I tried to get rid of a ton of baby stuff (as referenced in my loading up the van blog post last week) but the consignment store only allows you to have 25 items on consignment at any given time. So K left the big stuff with them and my van still has bags of clothes and other odds and ends packed in it. The last thing I want to do is bring it all back into the house so now I'm driving around in a portable storage bin.
The room of perpetual storage is overwhelmed by the huge boxes that our car seats came in, a cat tree that needs to be gone but is really heavy and difficult for me to move, and just other random crap. Every day I think that I need to get those car seats installed so I can get rid of the boxes, but they are the brand that's on the big recall list and I haven't gotten around to checking to see if these particular seats were recalled. I don't know how to check the manufacture date on them which is what will determine if they are recalled or not and every day, it's just not my top priority. They've been sitting there for a month now just waiting to be a priority.
The dinner table is covered in mugs from my shop (go buy some people, I want them out of the house!) that need to be packed up and stored, but I don't know where to store them, so they just sit there adding to the clutter. I finally got some Christmas ornaments done but I need to do the photography so I can put them for sale in my shop, but the table is covered in other stuff that I need to find a place for, but I don't know where it goes....and round and round I go.

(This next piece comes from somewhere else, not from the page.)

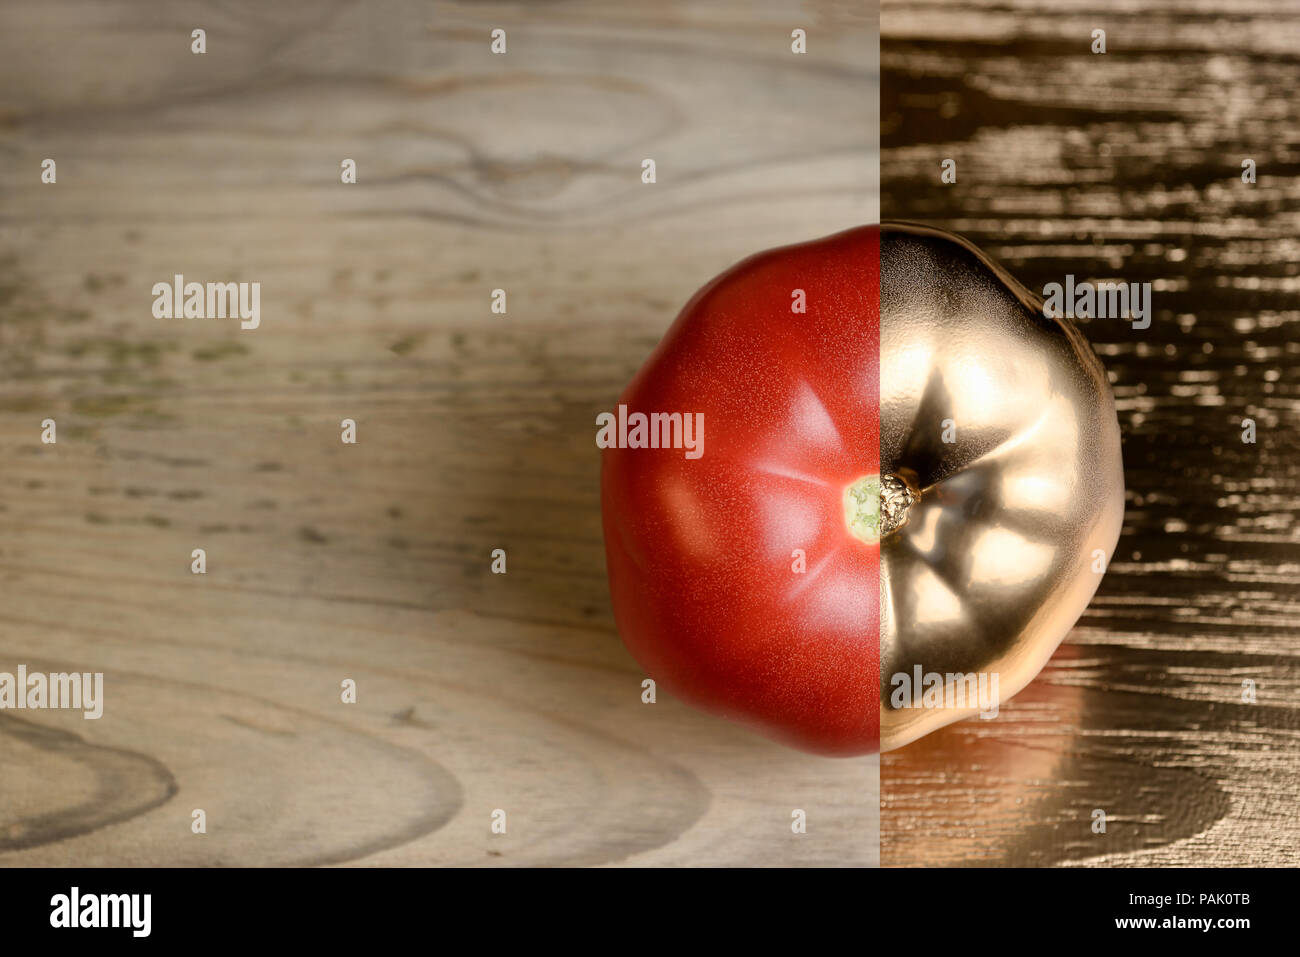 tomato on a wooden table with gold paint Stock Photo
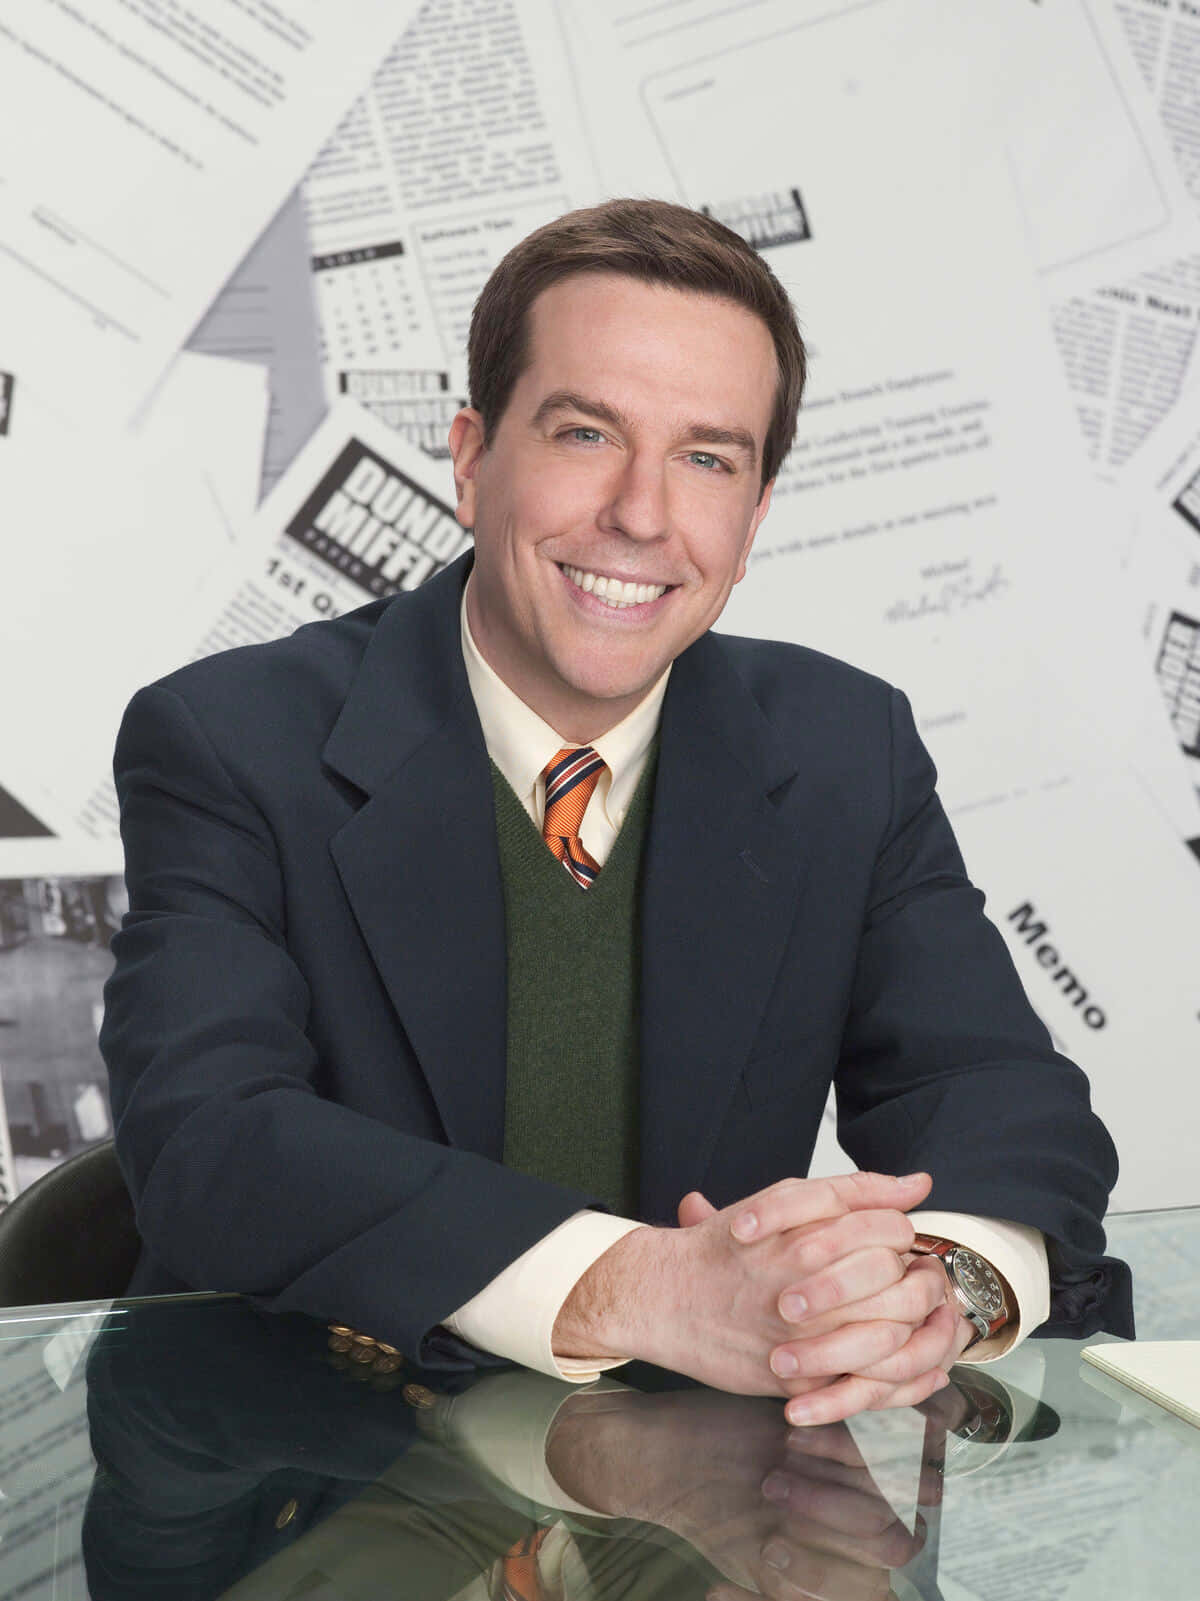 Comedic Actor Ed Helms In A Casual Interview Photo. Background

My bedroom floor is still torn apart with bits of carpet here and tarp there and nothing getting accomplished. K says we'll tackle it on his day off on Monday, but we never found a day to tackle it during his vacation so my hopes are not high.
I've been trying. Really I have. I've made it a rule that I have to throw away one thing every day. I figured that as time goes by, that will reduce the size of the mountain and make it a little more climbable. Some garbage is gone, but now I'm hitting the point where I'm looking at things I actually have to make decisions about. Like the bottles. The girls haven't had a bottle in about a week now, but I'm still not ready to throw them away. So what do I do with them? Well apparently what I do is toss them into the room of perpetual storage and let them mock me every time I walk by.
I kind of want to tip the entire house into a giant garbage bin and then just pull out the few things I actually want to keep. It's days like today that I wish I liked wine.